Cao Weiping, Liepkalns Justine S, Hassan Ahmed O, Kamal Ram P, Hofstetter Amelia R, Amoah Samuel, Kim Jin Hyang, Reber Adrian J, Stevens James, Katz Jacqueline M, Gangappa Shivaprakash, York Ian A, Mittal Suresh K, Sambhara Suryaprakash
Immunology and Pathogenesis Branch, Influenza Division, National Center for Immunization and Respiratory Diseases, Centers for Disease Control and Prevention, 1600 Clifton Road, Atlanta, GA, USA.
Department of Comparative Pathobiology, Purdue University, West Lafayette, IN 47907, USA.

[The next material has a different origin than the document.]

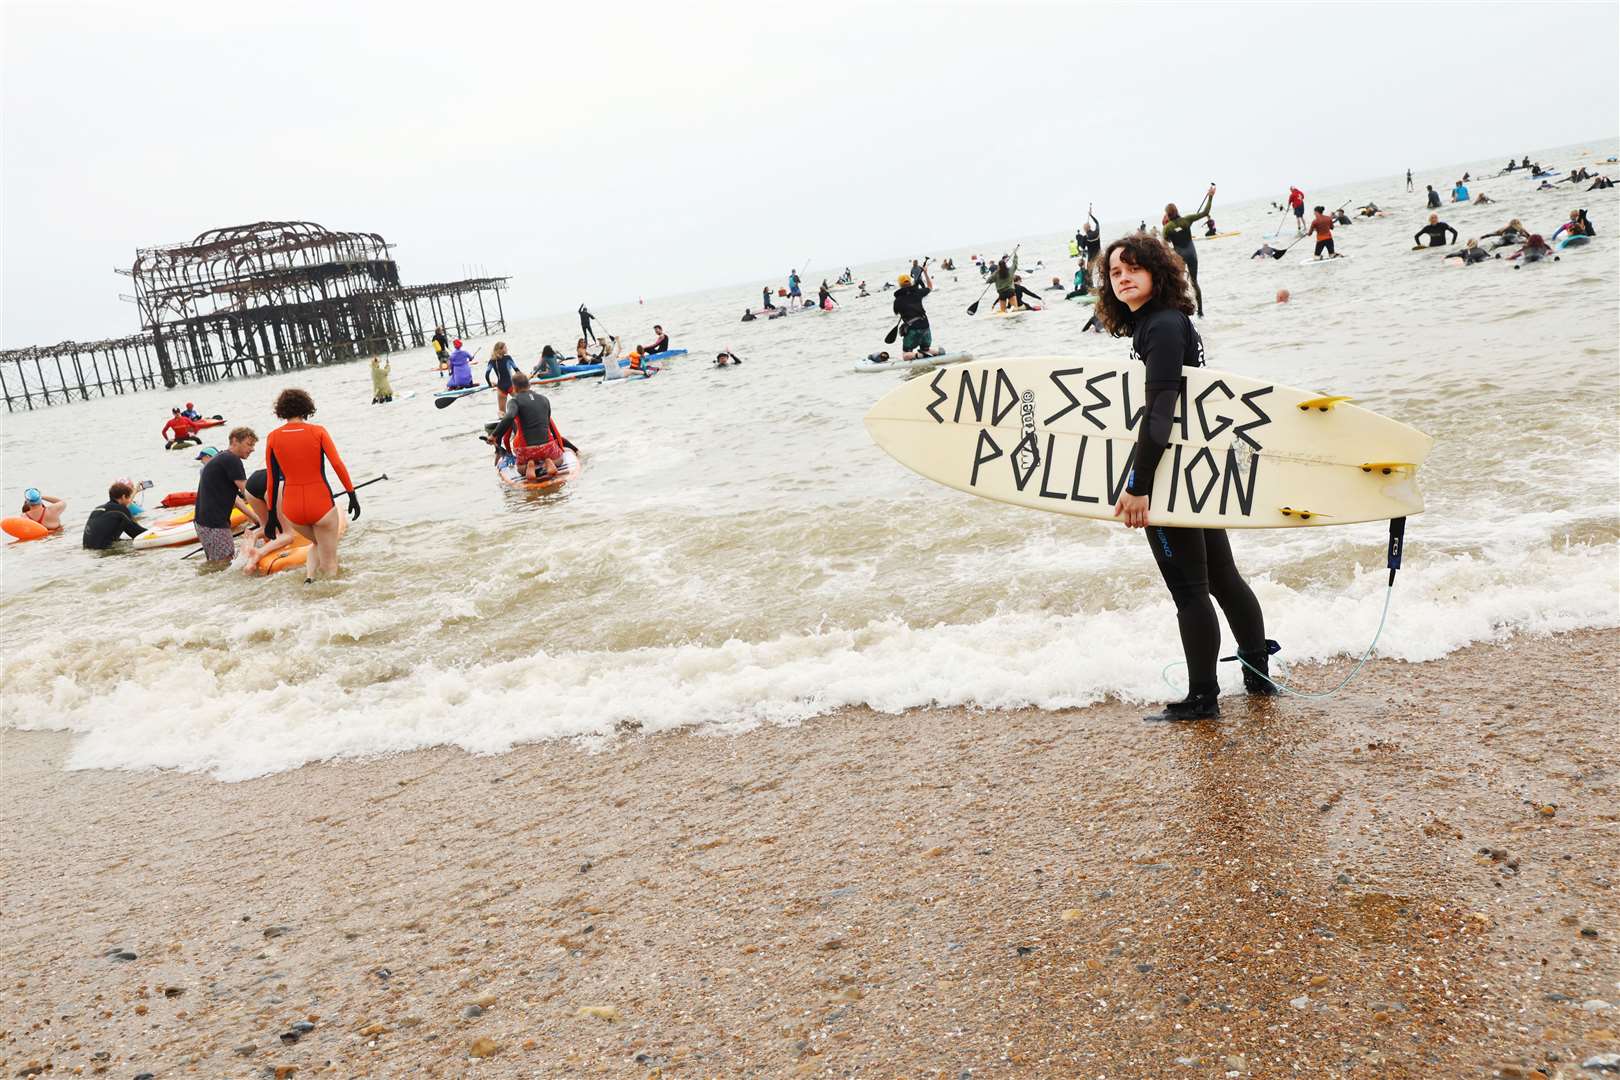 The campaign, co-ordinated by Surfers Against Sewage (SAS), saw protests at more than 30 locations, from West Pier in Brighton to Gyllyngvase Beach in Falmouth (Lia Toby/ PA Media Assignments)

Vaccine. 2016 Feb 3;34(6):744-9. doi: 10.1016/j.vaccine.2015.12.062. Epub 2016 Jan 4.
Since the first case of human infection in March 2013, continued reports of H7N9 cases highlight a potential pandemic threat. Highly immunogenic vaccines to this virus are urgently needed to protect vulnerable populations who lack protective immunity. In this study, an egg- and adjuvant-independent adenoviral vector-based, hemagglutinin H7 subtype influenza vaccine (HAd-H7HA) demonstrated enhanced cell-mediated immunity as well as serum antibody responses in a mouse model. Most importantly, this vaccine provided complete protection against homologous A/H7N9 viral challenge suggesting its potential utility as a pandemic vaccine.
自2013年3月首例人类感染病例以来,不断有H7N9病例报告,这凸显了潜在的大流行威胁。迫切需要针对这种病毒的高免疫原性疫苗,以保护缺乏保护性免疫力的易感人群。在本研究中,一种基于腺病毒载体、不依赖鸡蛋和佐剂的血凝素H7亚型流感疫苗(HAd-H7HA)在小鼠模型中表现出增强的细胞介导免疫以及血清抗体反应。最重要的是,这种疫苗提供了针对同源A/H7N9病毒攻击的完全保护,表明其作为大流行疫苗的潜在效用。